Si vogliono proporre alcune riflessioni sulla comunicazione politica referendaria del 22 e 23 marzo 2026 partendo dall’analisi del libro di Andrea Busetto Sono stato fascista, edito da Gastaldi Editore nel 1947. Questo testo non è soltanto una testimonianza autobiografica: è un libro che interroga il presente. Attraverso il racconto di chi ha vissuto il fascismo, il suo consenso, il suo disfacimento e la tragedia morale che ne seguì, l’autore offre una riflessione che oggi appare sorprendentemente attuale, soprattutto se letta alla luce della comunicazione politica che accompagna il referendum costituzionale del 22 e 23 marzo 2026.
Busetto non scrive per autoassolversi né per indulgere nella nostalgia. La sua è una confessione civile, che attraversa l’illusione, l’adesione, la presa di coscienza e infine la disillusione. Il cuore del libro non è la cronaca storica, ma la diagnosi morale: il fascismo non fu solo un regime, fu anche una cultura dell’identità contrapposta, della fazione che si sostituisce alla Nazione.
È in questo passaggio che il libro diventa straordinariamente attuale.
Nella comunicazione che accompagna il referendum costituzionale del 2026, il confronto sul merito della riforma sembra spesso cedere il passo a una narrazione identitaria: non tanto “cosa cambia” o “quali effetti istituzionali produrrà”, quanto piuttosto “chi siamo” e “da che parte stiamo”. La riforma diventa bandiera, non oggetto di analisi.
Busetto ci mette in guardia proprio da questo slittamento.
Scrive Busetto: “I Partiti al potere devono convincersi che non sono essi lo Stato, che assommano tutti gli individui, ma minoranze, sia pure ragguardevoli, ma sempre minoranze; e la fazione non può imporsi alla Nazione. […] Basta con la giostra dei partiti, basta con il settarismo.”
Queste parole, nate dall’esperienza del collasso di un regime totalitario, suonano oggi come un monito contro la degenerazione della comunicazione politica in conflitto permanente. Nel dibattito referendario si osserva una crescente polarizzazione: la riforma non viene solo sostenuta o criticata, ma caricata di significati simbolici assoluti — come se votare “sì” o “no” coincidesse con l’appartenenza morale a una comunità.
Busetto denuncia proprio questo: il momento in cui la politica smette di essere confronto tra opzioni e diventa scontro tra identità.

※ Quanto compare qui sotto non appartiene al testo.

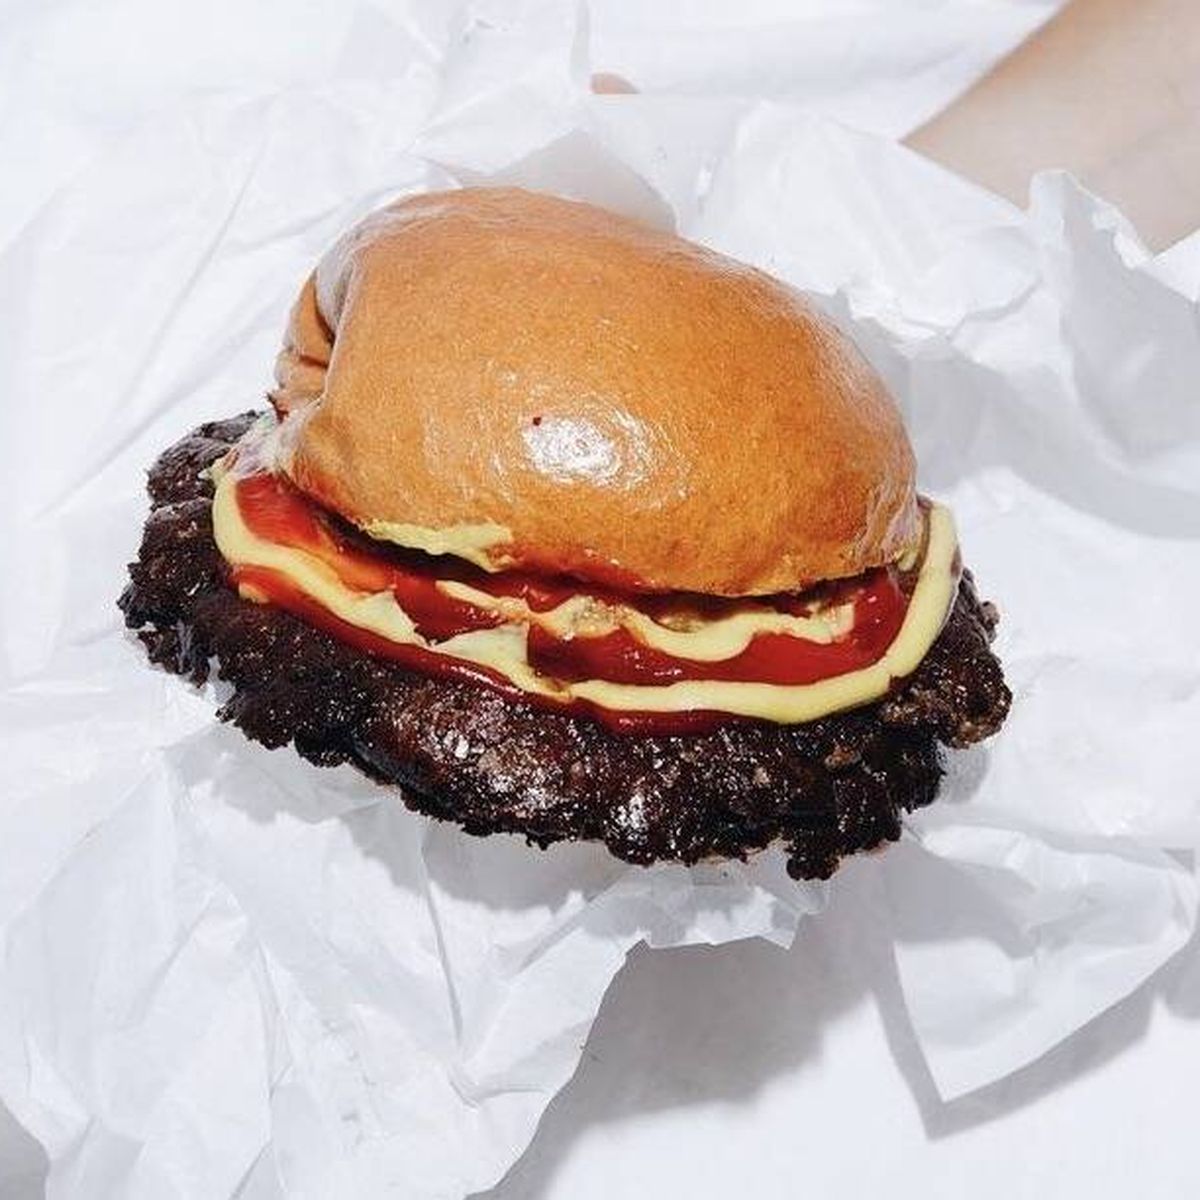 Descubre las Smash Burgers la forma más americana de comer hamburguesas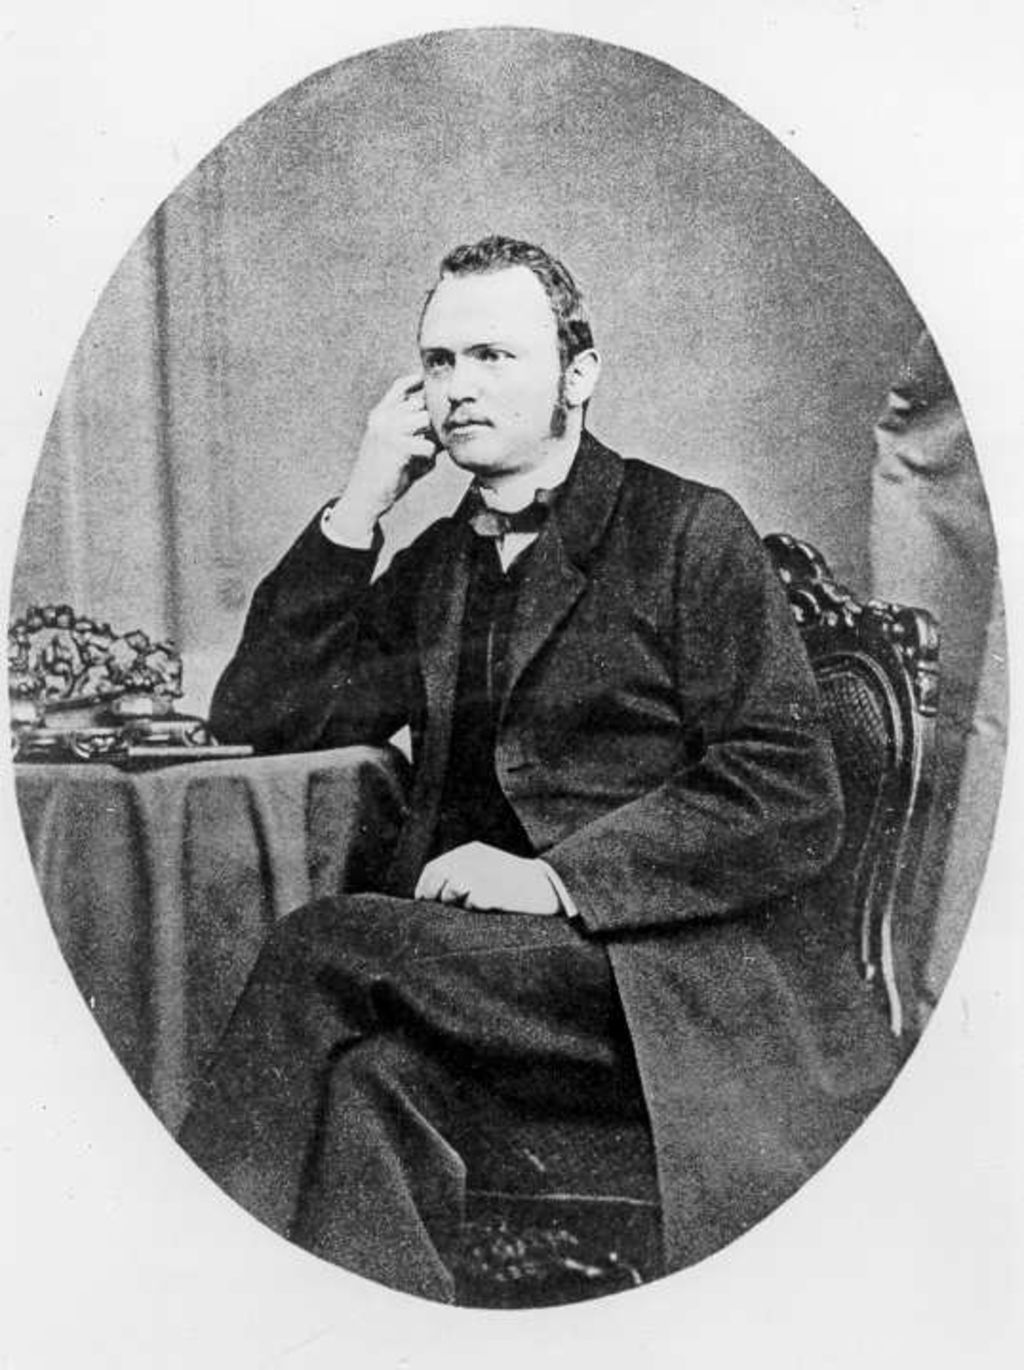 Foto: Siemens, Georg, 1866

Quando la “fazione” pretende di incarnare la totalità del bene pubblico, il dissenso diventa tradimento, l’avversario un nemico.
Un altro passaggio fondamentale del libro è l’appello contro la divisione permanente: “Basta con il settarismo. […] tralascino in nome di Dio dal dividere gli italiani in fascisti e antifascisti: troppo a lungo hanno durato queste assurde, inumane divisioni.”
Qui Busetto coglie un nodo centrale della comunicazione politica contemporanea: la tendenza a riattivare categorie simboliche forti — spesso storicamente cariche — per mobilitare consenso emotivo. Anche nel referendum del 2026, il rischio è che il linguaggio pubblico ricada in semplificazioni duali: riformisti contro conservatori, moderni contro retrogradi, difensori della democrazia contro suoi presunti sabotatori.
Ma una riforma costituzionale dovrebbe essere valutata nel merito: equilibrio dei poteri, rappresentanza, stabilità, garanzie. Quando il linguaggio politico privilegia l’appartenenza rispetto all’argomentazione, il confronto si impoverisce.
Busetto ci ricorda che le divisioni ideologiche, se non radicate nel merito ma nell’identità, diventano “negazione della ragione e della giustizia”. È un’accusa severa, ma profondamente civile.
Sono stato fascista è dunque un libro che invita alla responsabilità del linguaggio politico. Non chiede uniformità di opinioni, ma sobrietà nel confronto. Non invoca neutralità, ma rispetto della complessità.
Il valore del libro di Busetto, come tutti i buoni di libri di cultura, non sta soltanto nella memoria storica, ma nella sua forza etica. Leggerlo oggi significa interrogarsi sul modo in cui parliamo di politica, su come costruiamo il consenso, su quanto spazio lasciamo al dubbio e all’argomentazione.
Se il referendum costituzionale del 22 e 23 marzo 2026 rischia di trasformarsi in uno scontro identitario, Sono stato fascista ci ricorda che le democrazie non muoiono solo per colpi di Stato, ma anche per l’incapacità di riconoscere nell’avversario un interlocutore e non un nemico.
Ed è forse questa la lezione più attuale del libro: la democrazia non si difende gridando più forte, ma ragionando meglio.